The immediate past Director General of Lagos Chamber of Commerce and Industries (LCCI) and promoter of the Council for Promotion of Private Enterprise (CPPE) said he expected a not too good performance from Q1, adding that Q2 may likely be not much better.
Also expressing low expectations on the performance of the economy in the first three months period of the year, Teslim Shitta-Bey, a financial analyst with Proshare Nigeria said “With the cash scarcity that attended CBN’s Naira redesign and its grave impact on the informal economy, obviously we should expect a tightened growth report in Q1.”
Reviewing the Naira redesign fallouts, Shitta-Bey told InsideBusinessNG over the telephone that the SME (small and medium enterprise) sector saw a sudden constrain in productivity, Point of Sale (POS) operators stopped their businesses, and most traders, particularly street traders couldn’t sell their products due to the cash crunch.

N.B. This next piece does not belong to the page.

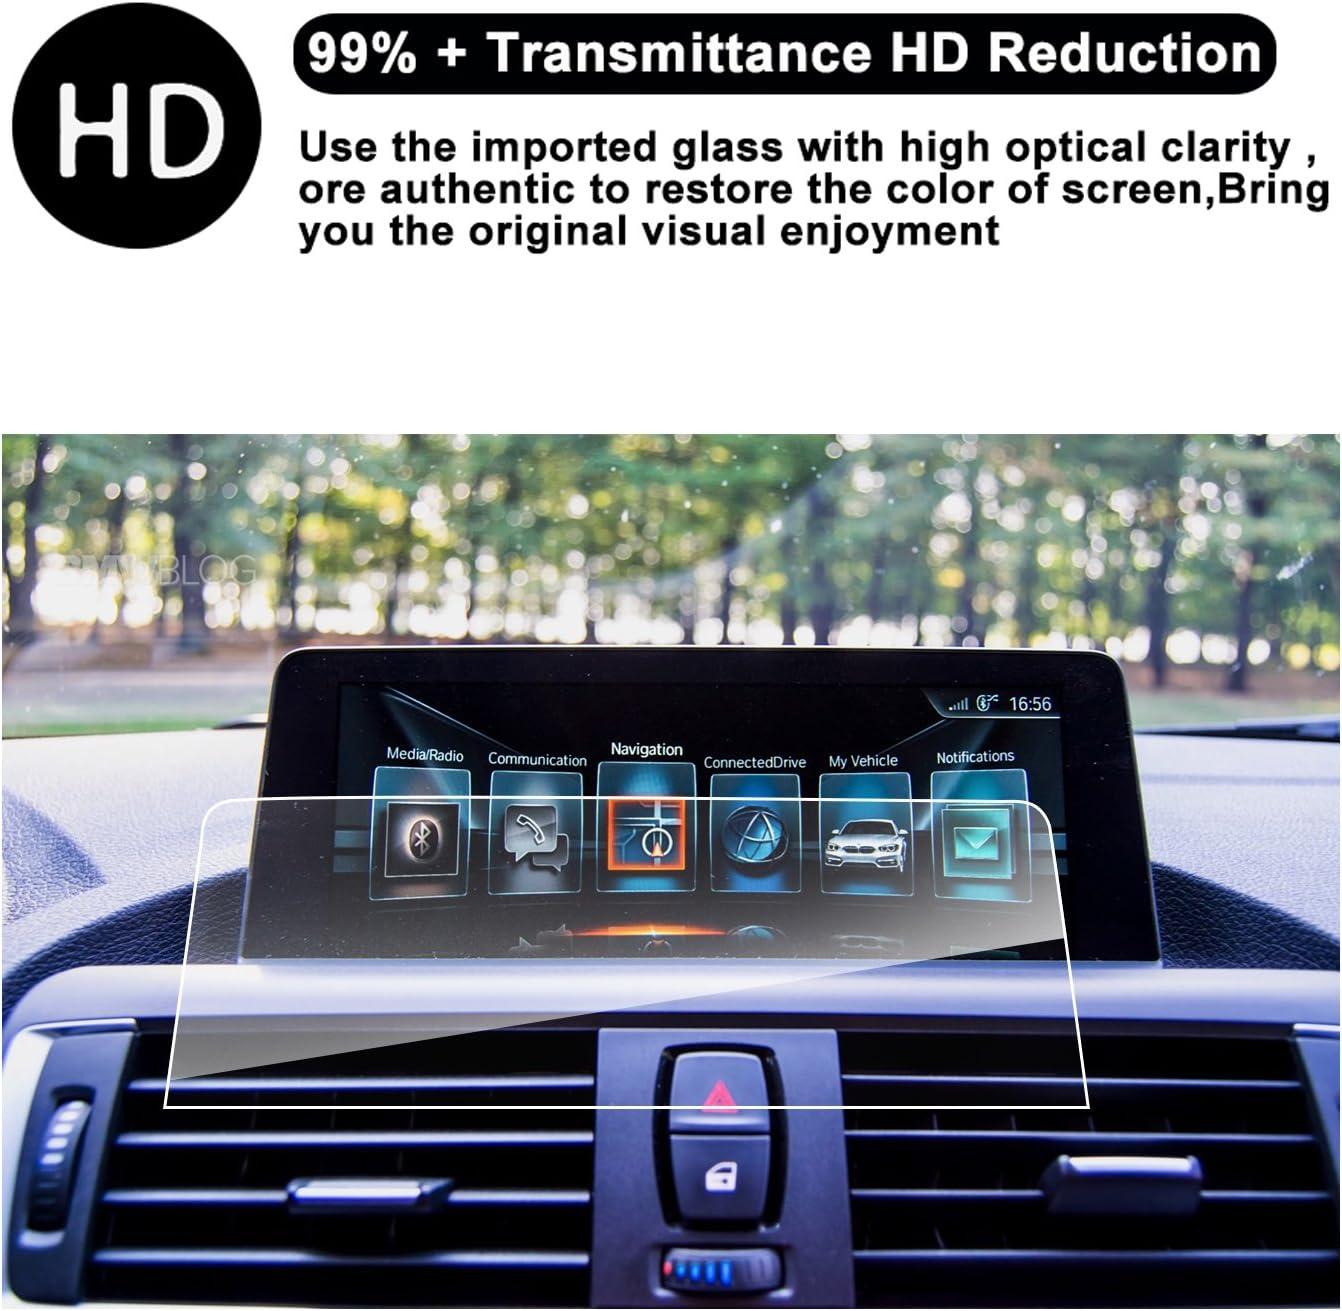 RUIYA Tempered Glass Screen Protector for Navigation System iDrive NBT of (2012 2017)BMW 3 Series GT M3 F30|F31|F34 ,BMW (2013 2017) 4 Series M4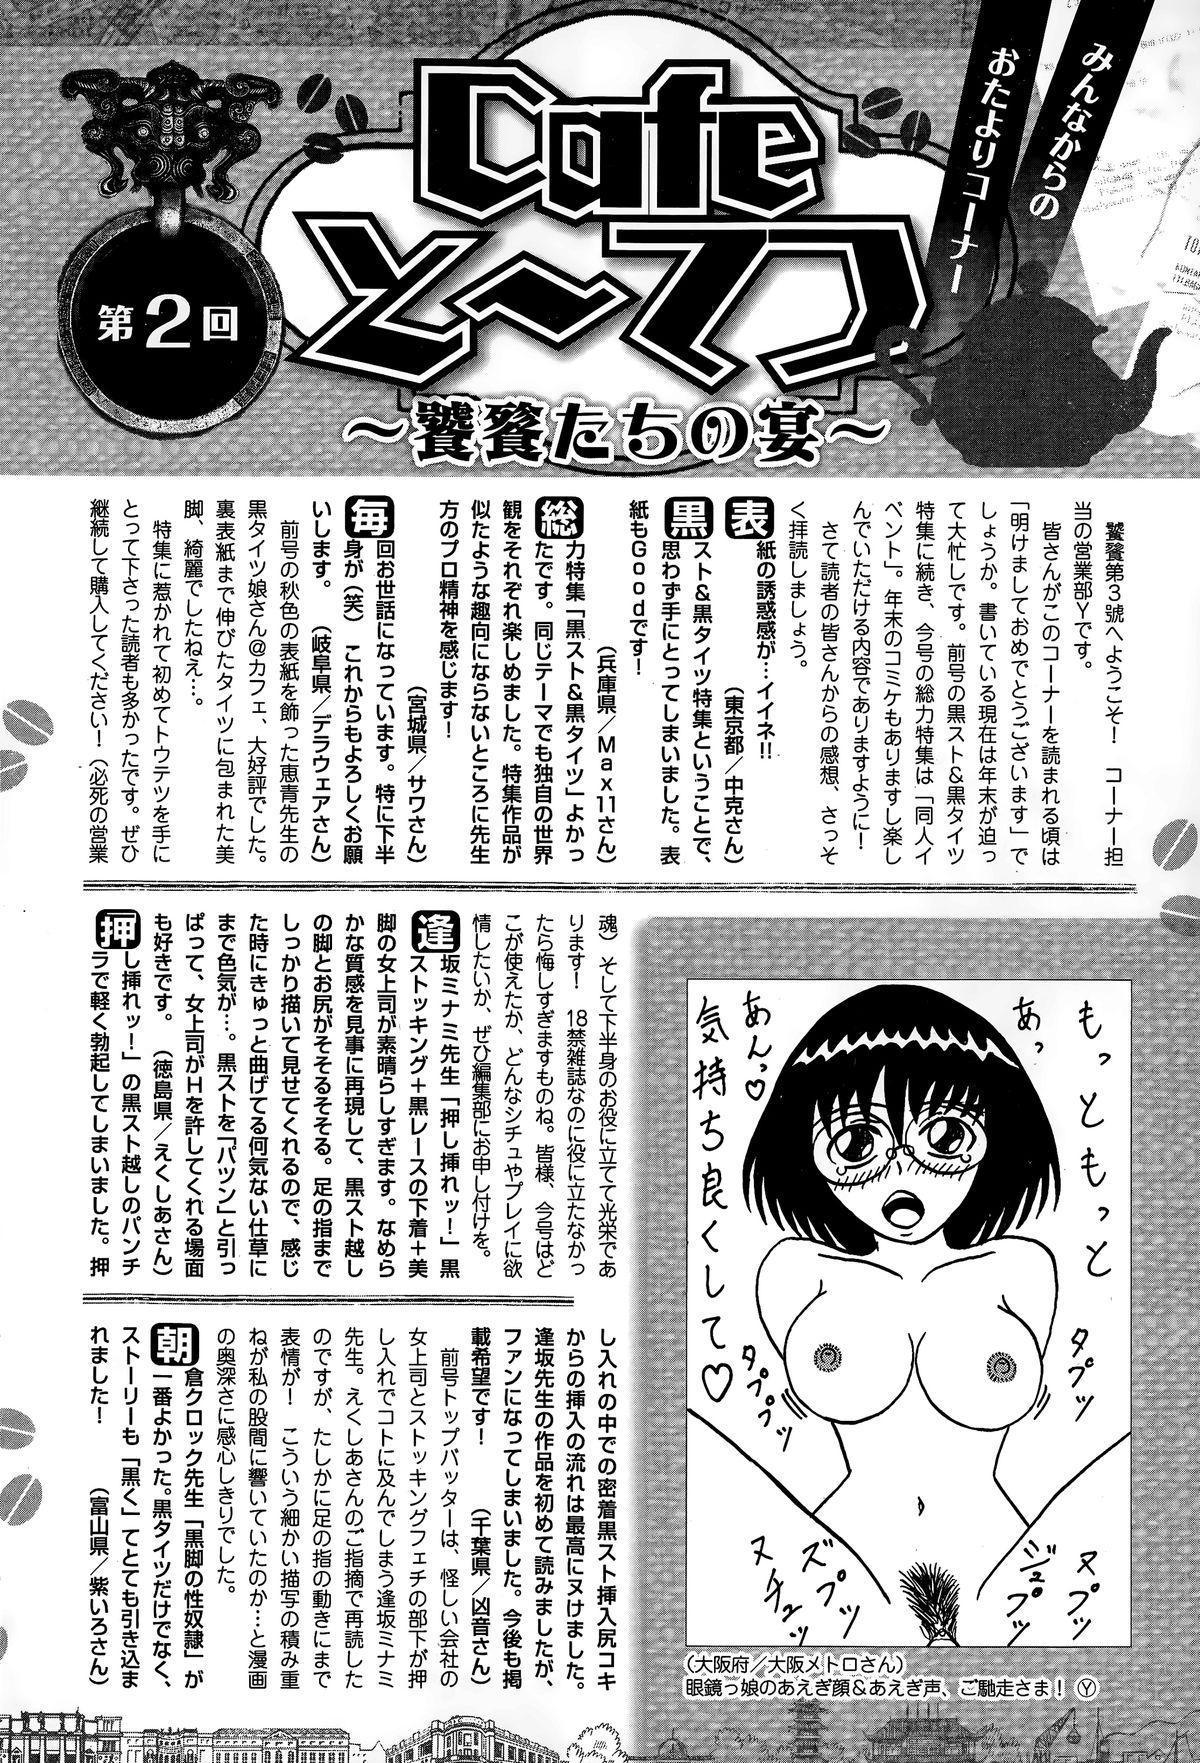 Comic Toutetsu 2015-02 Vol. 3 239

“All these factors created serious challenges in Q1. When the GDP numbers come out, we expect to a severely constrained Q1 report. Q1 is usually moderated but this particular year will be very much constrained by the fact that there was cash crunch, low demand for goods and services as a result of the currency redesign challenges.
So Q1 will not be as good as we would have wanted it to be,” Shitta-Bey concluded.